(Beginning of Information shown)

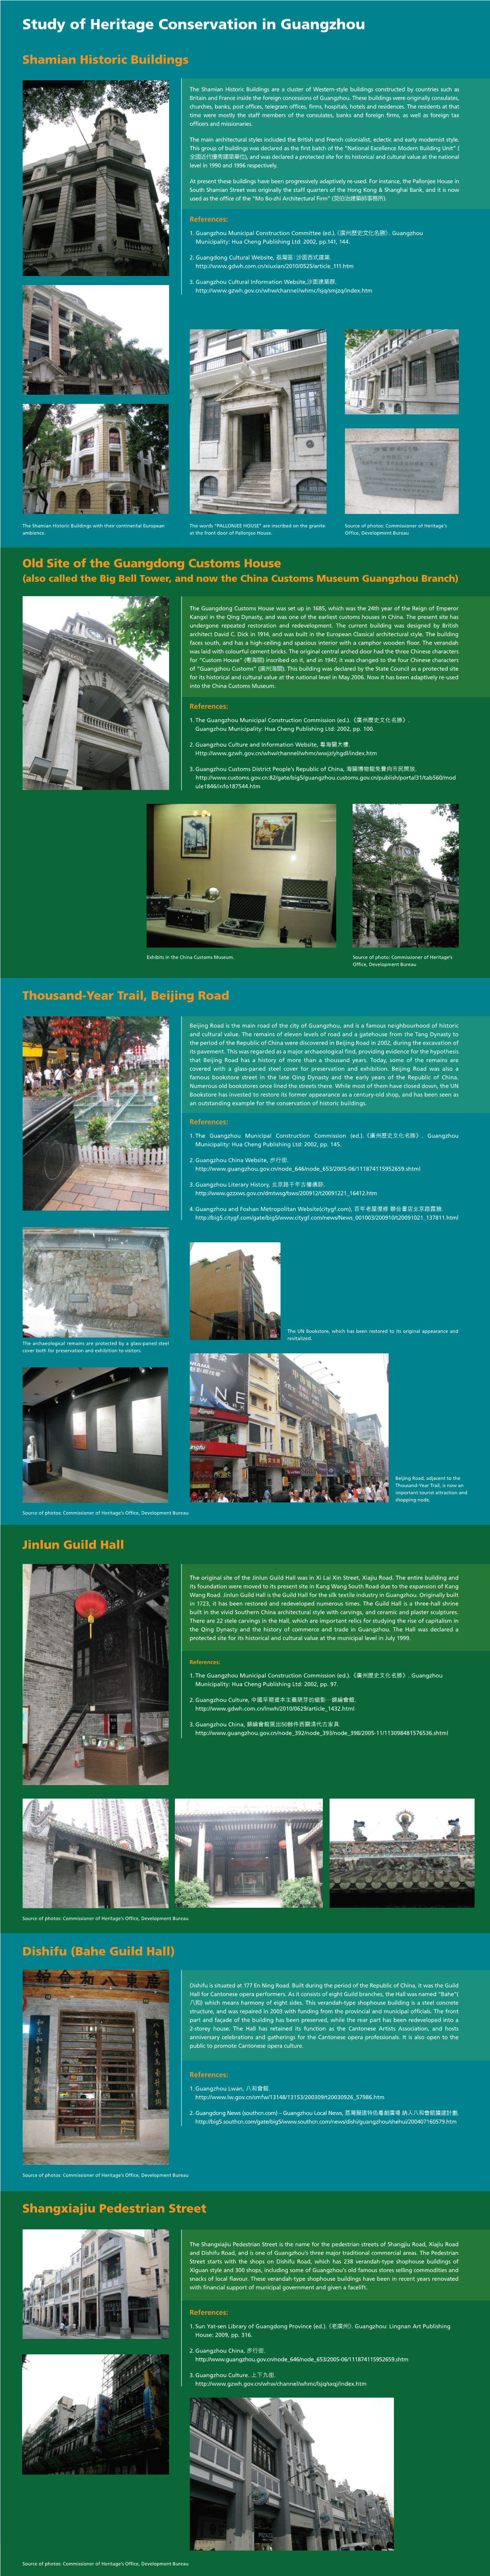 Study of Heritage Conservation in Guangzhou
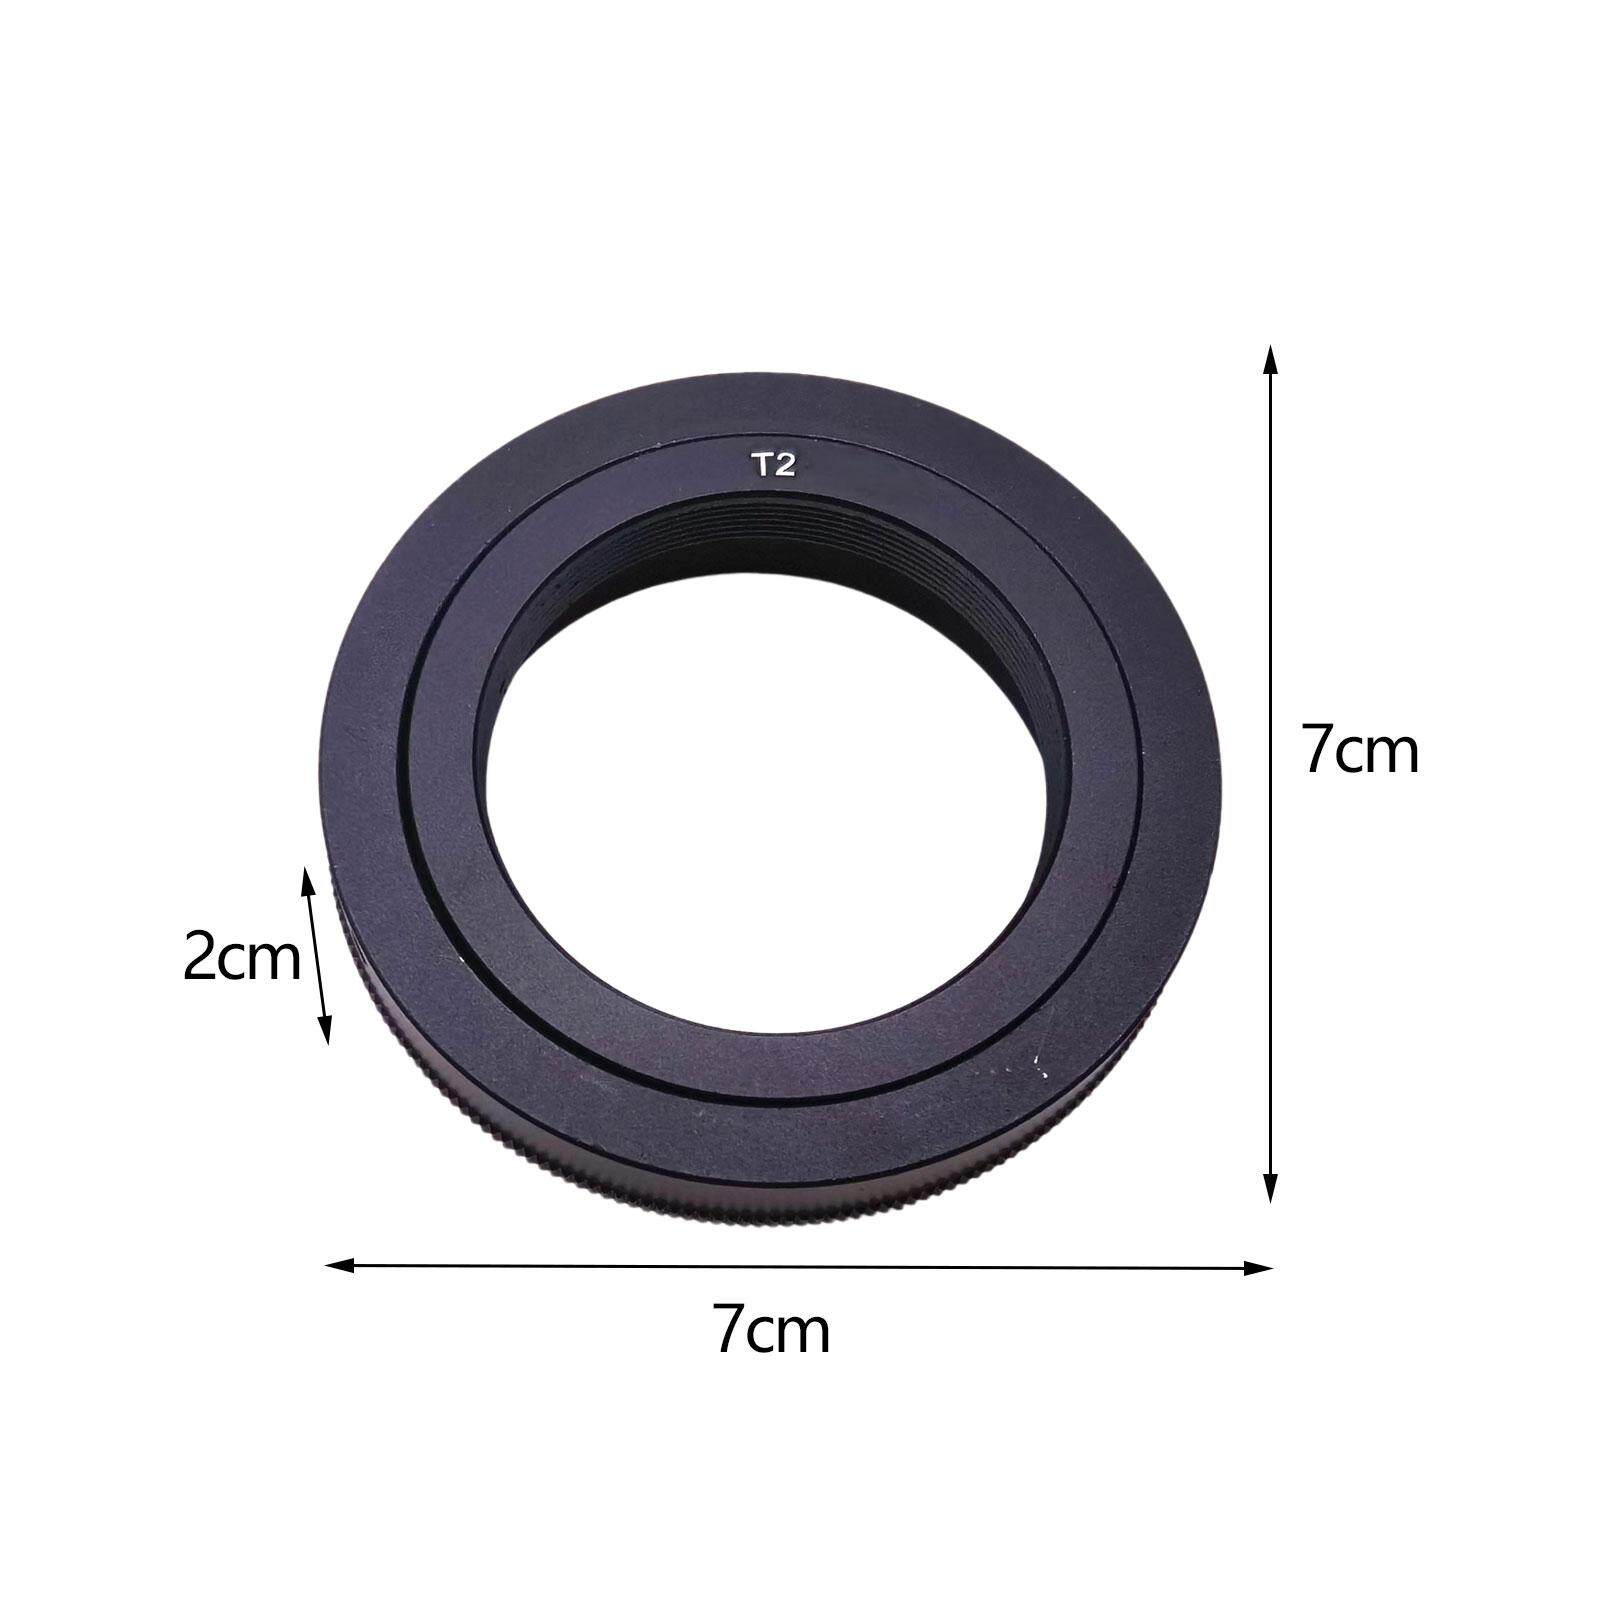 Baoblaze T2 Mount Adapter Ring with Wrench Camera Adapter Ring for EOS
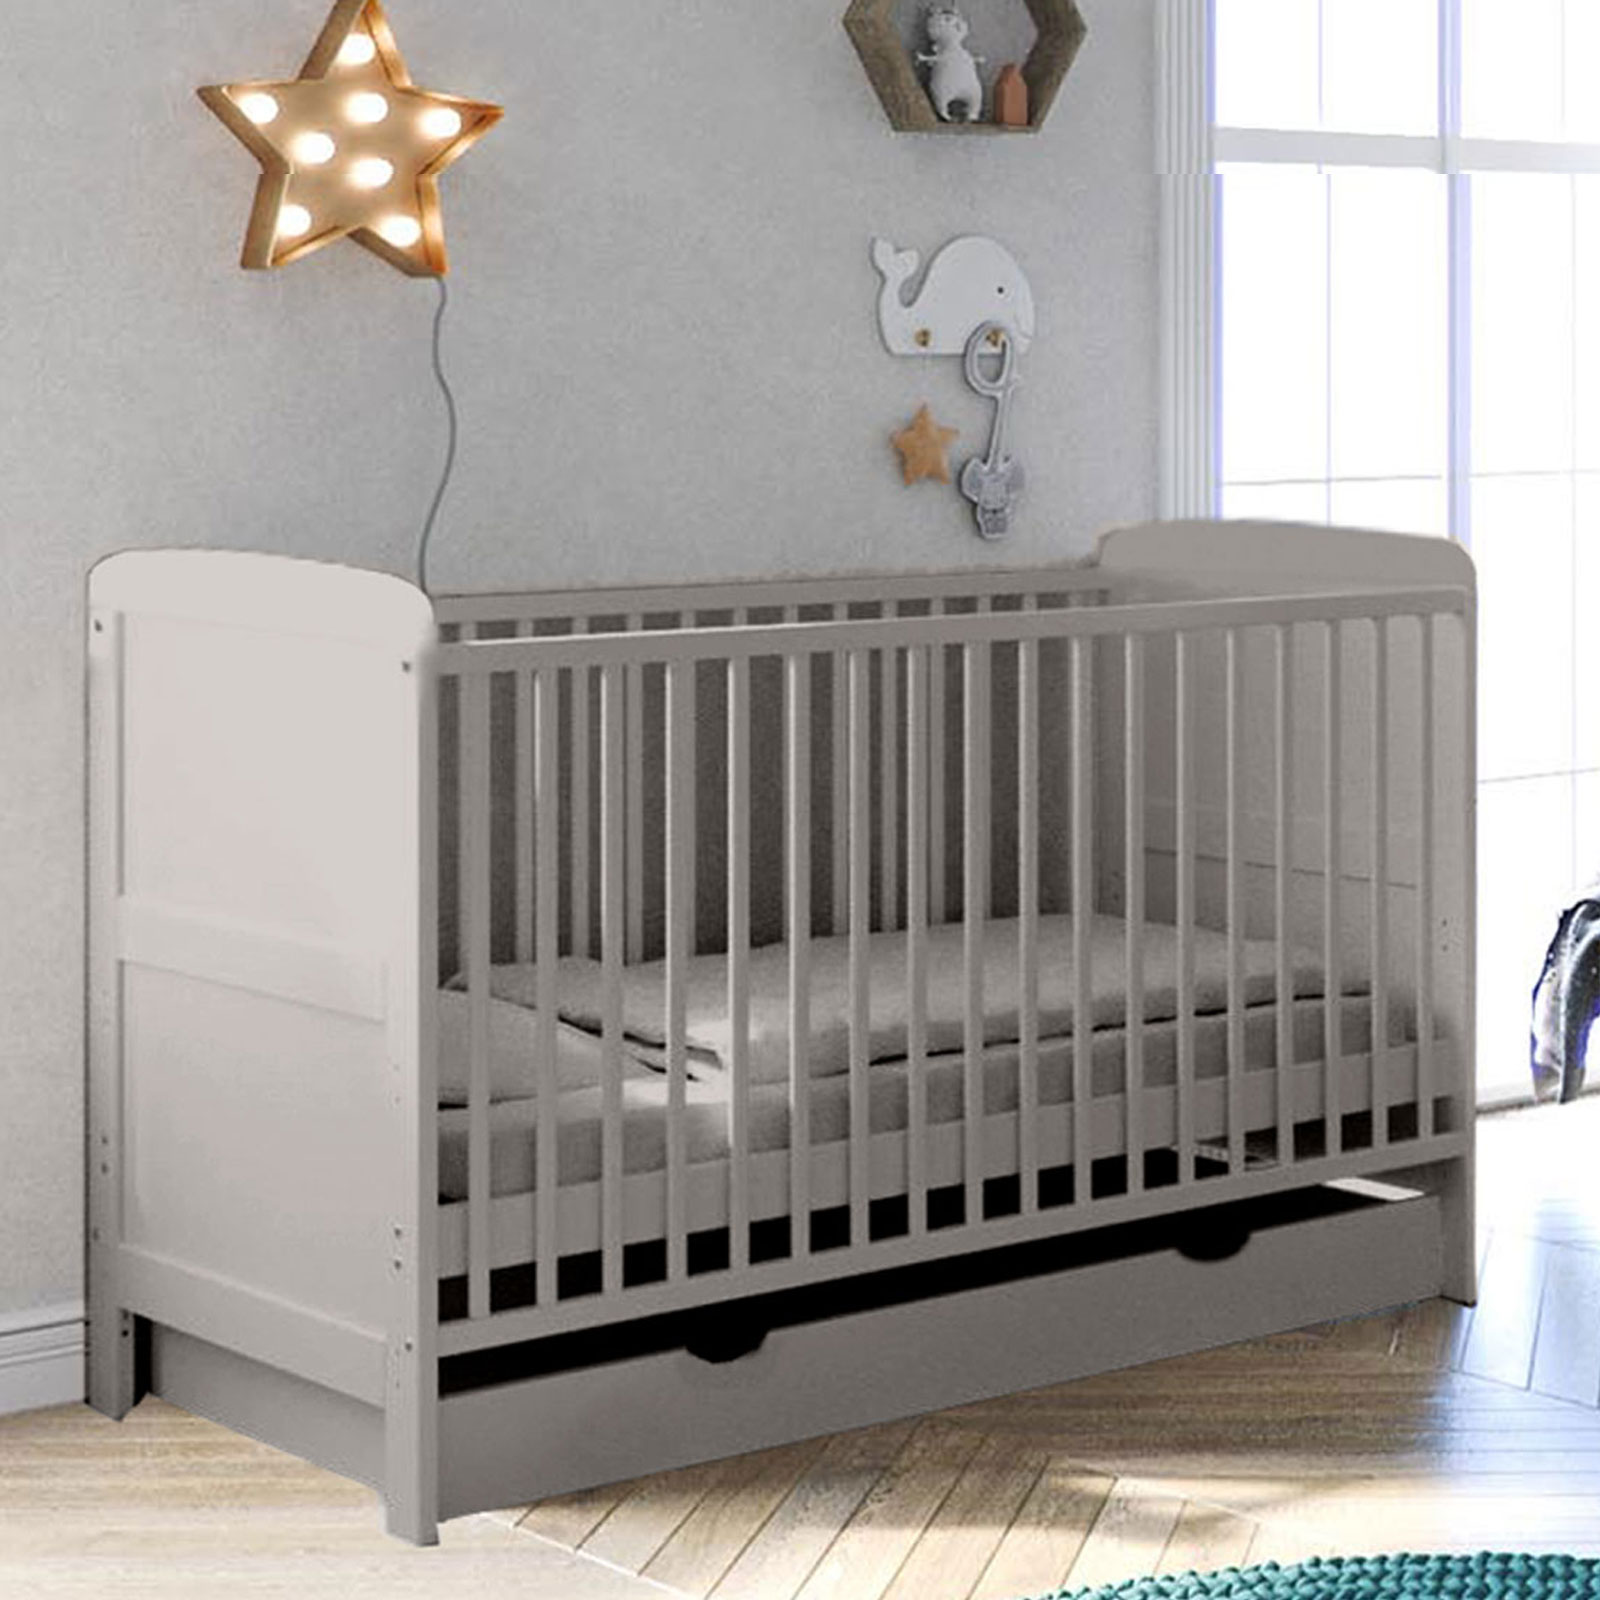 Puggle Henbury Cot Bed With Maxi Air Cool Mattress - Classic Grey

(End of Information shown)

Return the listing above unaltered, omitting its pictures.

 Study of Heritage Conservation in Guangzhou
 Baoblaze T2 Mount Adapter Ring with Wrench Camera Adapter Ring for EOS
 Puggle Henbury Cot Bed With Maxi Air Cool Mattress - Classic Grey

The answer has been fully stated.